From Data Touchpoints to Digital Transformation: How BigPxl Reclaimed Digital Marketing’s Potential for Its ClientsGet a Demo
For decades, marketers were limited to what we now call traditional channels: print media and radio/television. Ad performance was typically assessed in terms of actual revenue. Marketers had little ability to determine how many conversions resulted directly from a given campaign. Therefore, outbound marketing was the norm. Marketers had to make educated guesses on the ROI and had no means to drill down into impressions or other touchpoints.
All that has changed now in the era of digital marketing, when detailed analytics are not only available but crucial for measuring performance. For better or worse, brands are now inundated with data about their campaigns. But how can we truly determine what’s driving our results, especially when there are now so many touchpoints? Does the data actually allow us to measure performance?
Marketers in all industries are facing new challenges with attribution, conversion points, and print vs. digital synchronicity. In the age of “more, more, more,” companies are struggling to keep their budgets lean. Especially when it’s difficult to know which channels are driving the most engagement.
As a full-service marketing agency, BigPxl was eager to deliver better results to their clients. Many of them had digital channels but worried about throwing money down the drain. BigPxl was increasingly stretched thin as their clients’ Cost Per Lead and Customer Acquisition Costs were rising. They realized they were pinning too much on metrics and performance-based marketing. To evolve in today’s complex digital marketing landscape, BigPxl embraced a dual inbound-outbound approach with the help of a holistic marketing automation solution.

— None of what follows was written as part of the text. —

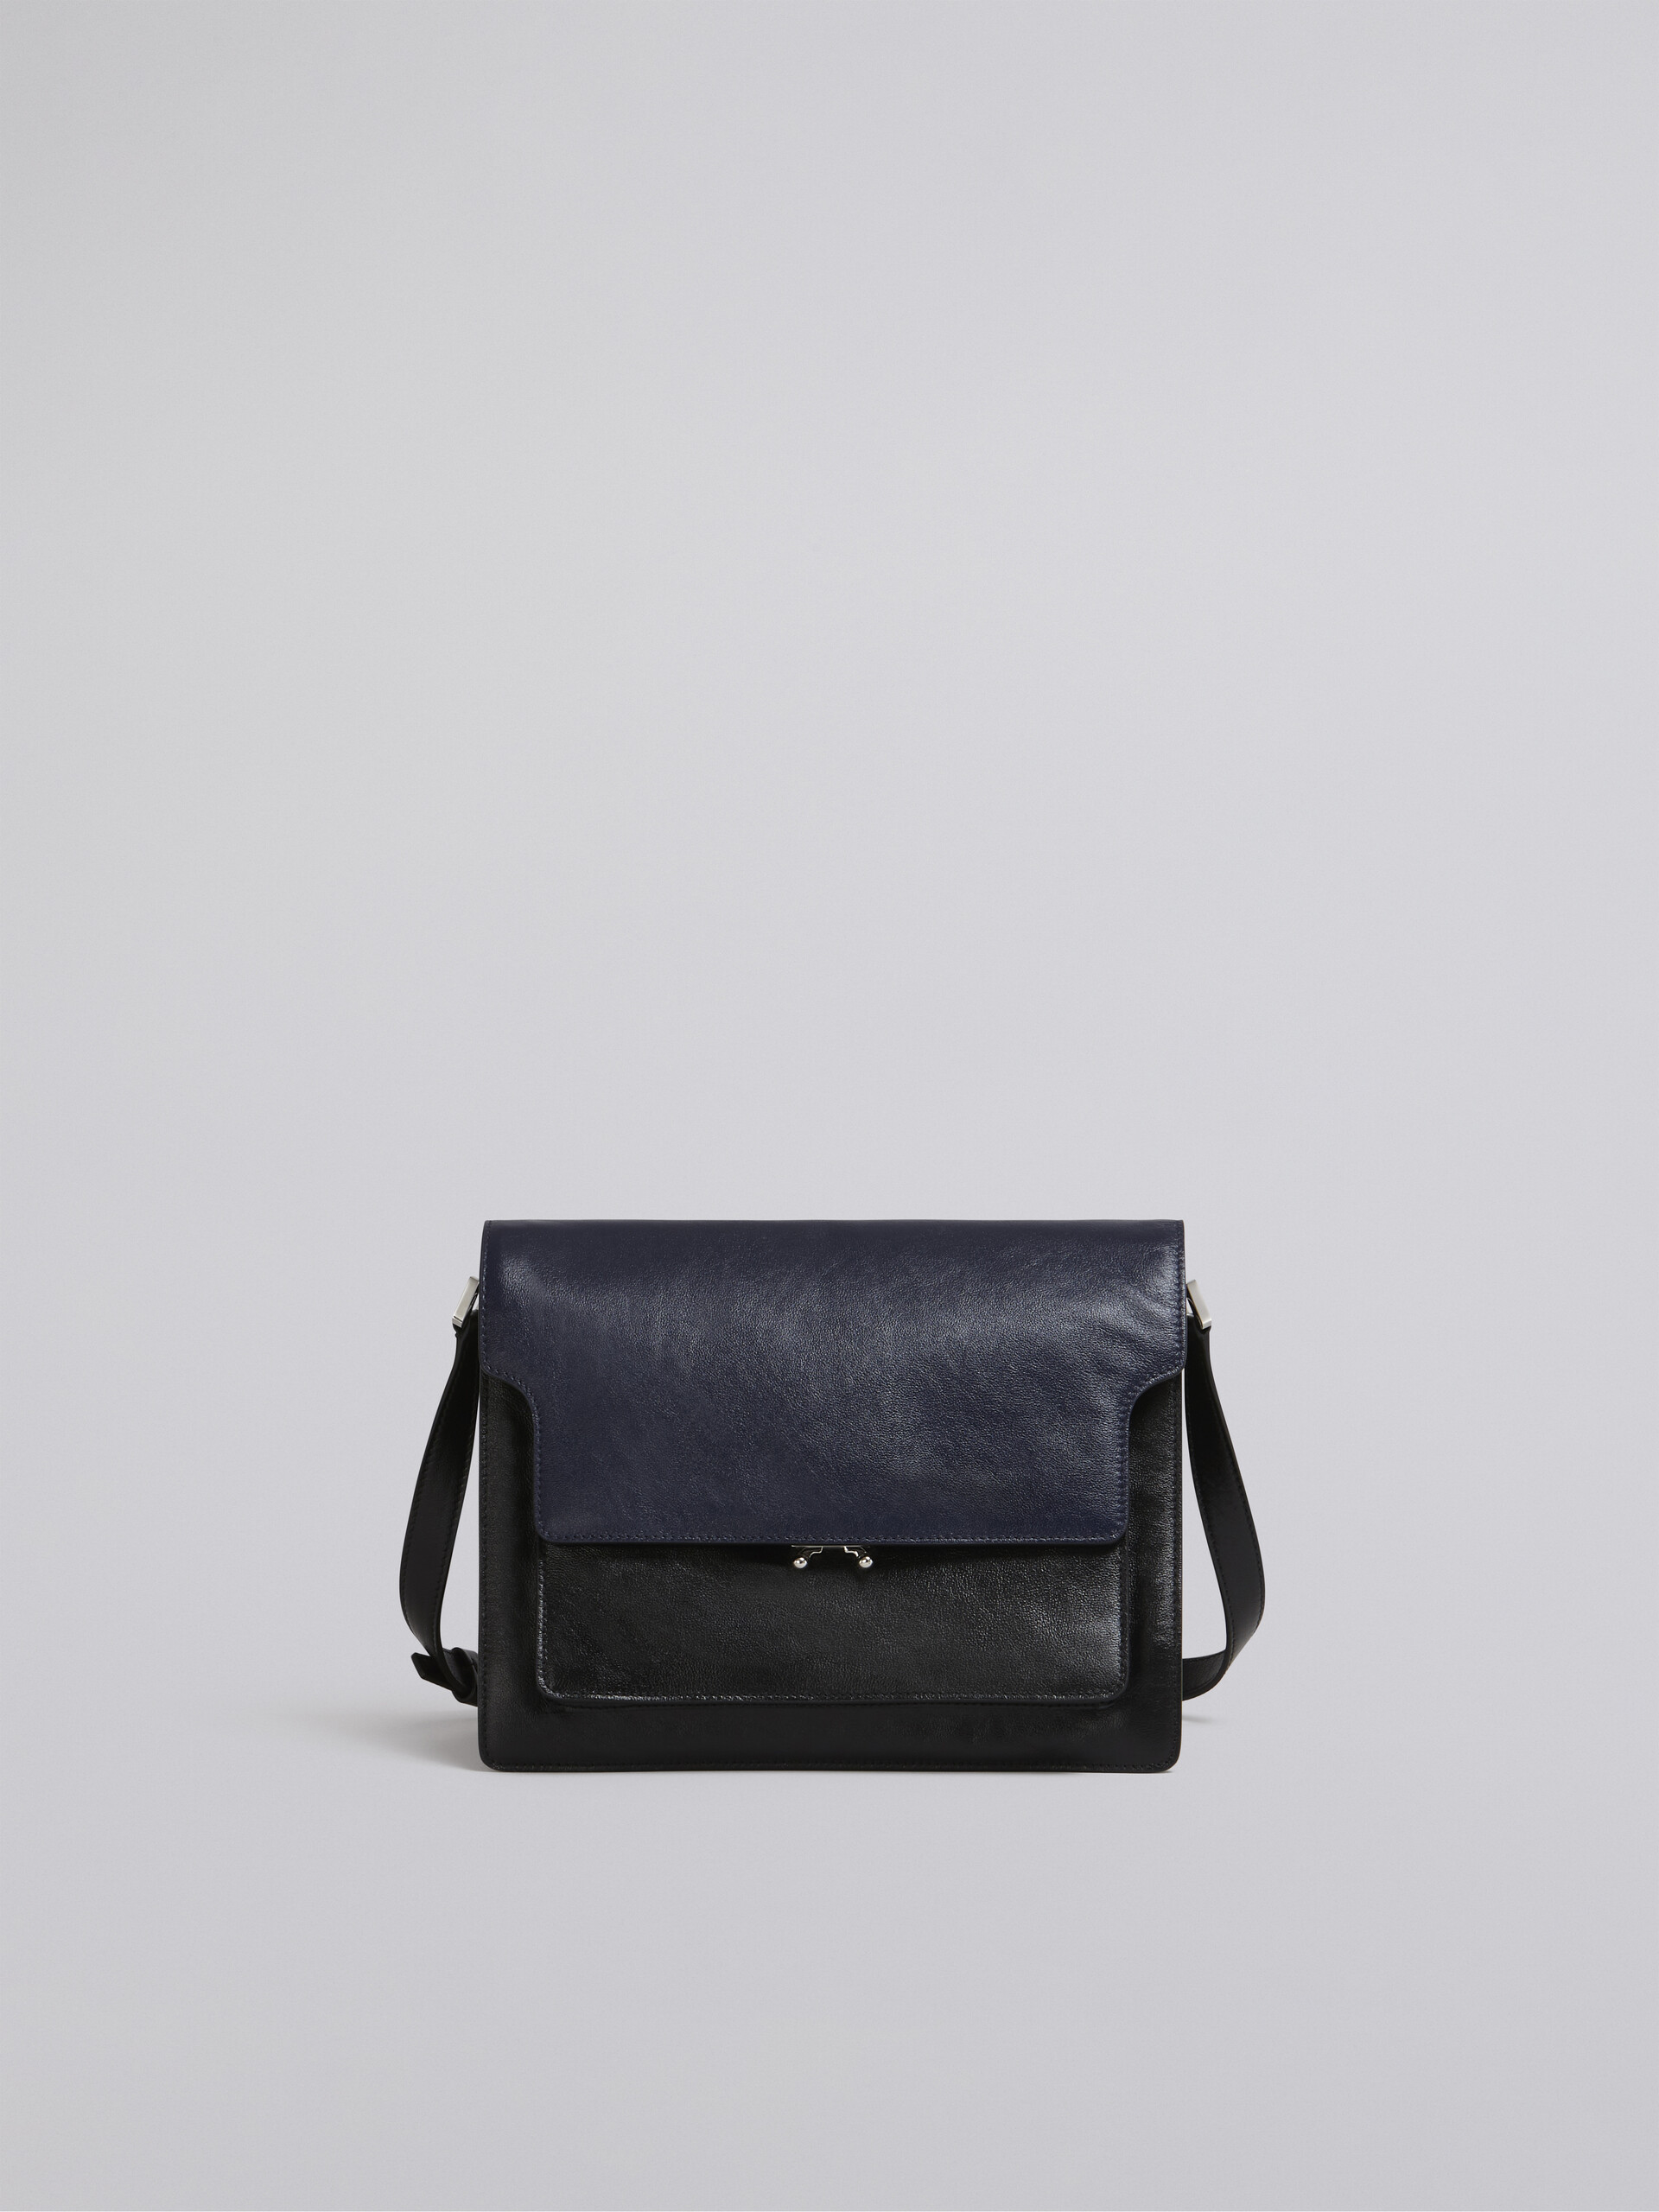 TRUNK SOFT large bag in blue and black leather - Shoulder Bag - Image 1

As consumers become more skeptical of overt sales tactics, they’re seeking value-driven relationships with brands. They want to overcome their challenges or gain strategic insights rather than being sold a product that doesn’t fit their needs. Thanks to the affordability and versatility of digital channels, marketers are shifting to an inbound approach: creating content that attracts qualified leads by sharing their wisdom or offering real solutions.
These days, it’s even more challenging to determine the ROI of these tactics — especially since these top-of-funnel touch points were often far removed from the conversion point. And now that consumers take up to 12 or 13 touchpoints to convert in some industries, there are even more interactions to measure.
Businesses often struggle to justify the expense of content marketing when it’s much easier to understand the metrics of an ad campaign. Unless they have plenty of cash in the budget (and who does?), many brands focus on performance marketing — campaigns that can be heavily tested, tweaked, and measured.
However, a hyper-focused “performance marketing mindset” can do more harm than good:
- It often limits the pool of qualified leads, as prospects aren’t sufficiently captured or engaged at the top of the funnel.
- There’s little synchronicity among marketing, social media, and sales teams.
- Clients come to expect a particular ROI within a strict time period, along with the data to back it up. There’s less wiggle room to adapt and optimize the strategy.
- Often, the cost-per-acquisition will continue to rise with inflation, while preexisting customers or inbound leads get ignored — even though they’d be less expensive to engage.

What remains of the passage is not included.